そして空いたもう一方の手の先。右手から伸びる棍は九つの節に分かたれ、その間合いを伸ばし真っ直ぐに遠間にいた男に伸びていた。
「…………っ」
アルペッジョは、エーミールの攻撃が終わってから、ようやく自身が攻撃されていたことを知る。
そしてそれを知ることが出来たのは、目の前にいた幼馴染みの手柄だ。
既に終わった攻撃に今更ながらに驚き身体を丸めたが、その前に立つのは当然のようにトリステ。鞭に対しアルペッジョを守るべく立ちはだかり、左右から蚊を叩くようにエーミールを叩き潰そうと構えていたその手を、鞭の先を直接抑えるために使っていた。
エーミールが棍を引けば、ごく簡単にその鞭は手元に帰り棒状に戻る。
彼も肩で息をして、汗も垂らしているのは今が決死の場だったからこそ。
「そりゃ守るよな。大事な大事な直属兵だもんな」
大きく息を吸って吐いて、それからへらりと強がりに唇を曲げて、エーミールは囃し立てる。

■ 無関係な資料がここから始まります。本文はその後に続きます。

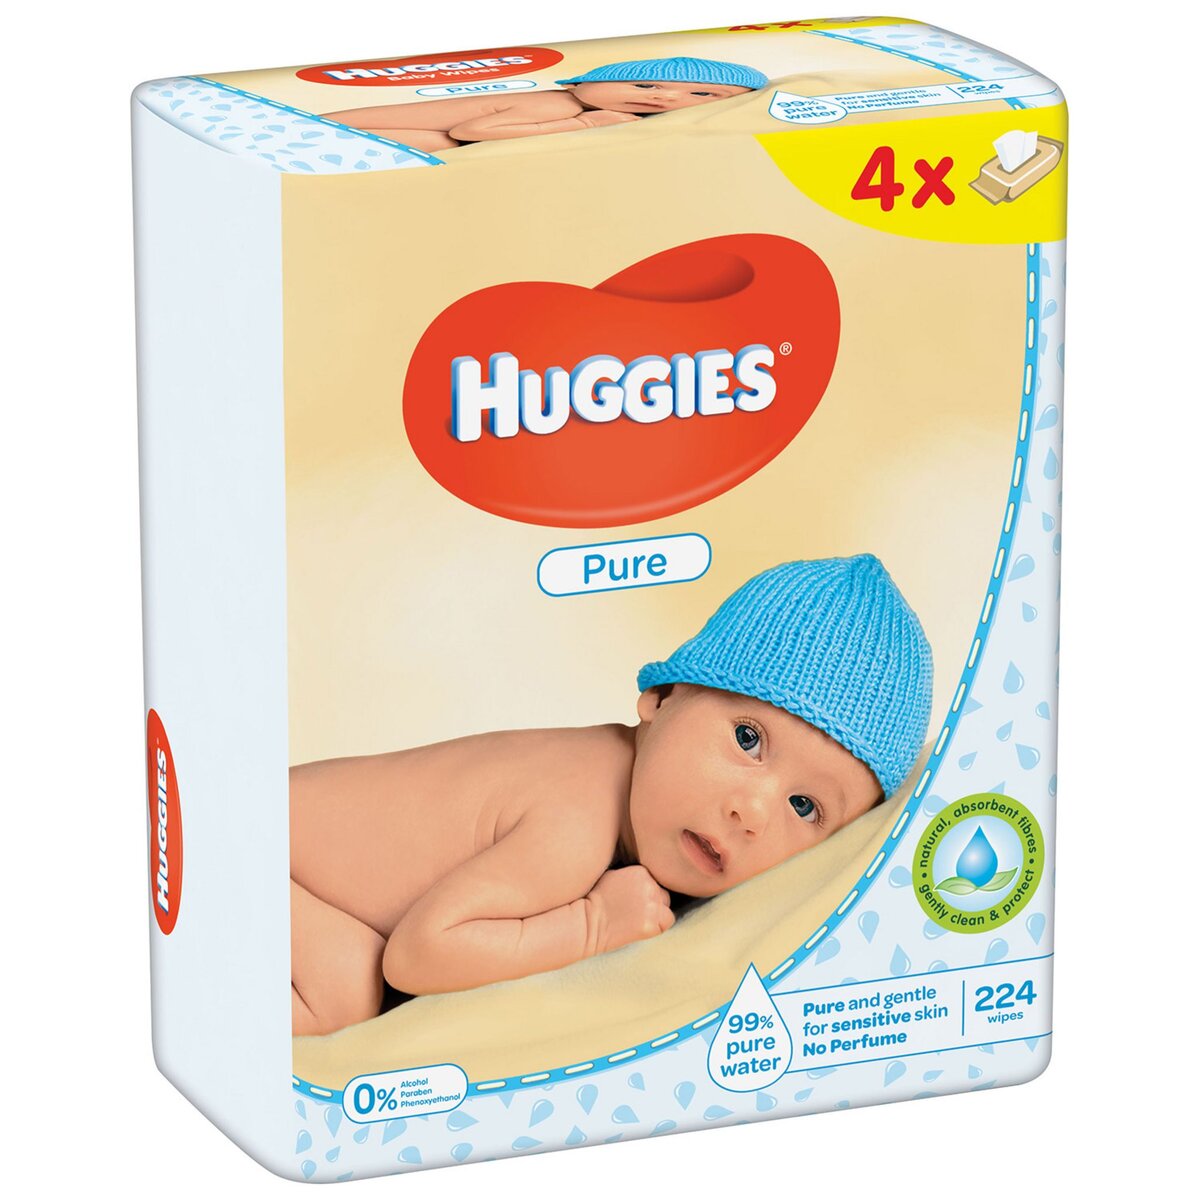 HUGGIES Pure lot lingettes nettoyantes pour bébé 168 lingettes

言われたトリステは隠そうともせず不機嫌さに顔を歪めた。
エーミールの取った行動は単純なもの。
空からの質量攻撃とトリステからの遠距離圧壊攻撃に囲まれ逃げ場もない中、攻撃をしただけだ。
ただし、その攻撃で狙うのは空にいる髑髏の怪物でも、トリステでもない。
この戦場に残るただ一人の無力な存在。アルペッジョである。
(賭けにゃあ勝ったが……じゃ、どういうことだ?)
結果、トリステは攻撃を中断し、アルペッジョを守った。
けれどもエーミールの疑問は晴れず、段階が一つ進んだだけである。
今この場において、アルペッジョは無力だ。
その立ち居振る舞いにエーミールは確信できる。武器を打ち合わせてもいないものの、おそらくムジカルの一般兵に混じっても遜色のない『弱さ』をもつだろう。
しかし、彼は五英将の直属兵だ。通常は幾たびの戦場で活躍し、五英将の目に留まり任命され、ようやくその地位につける精鋭部隊。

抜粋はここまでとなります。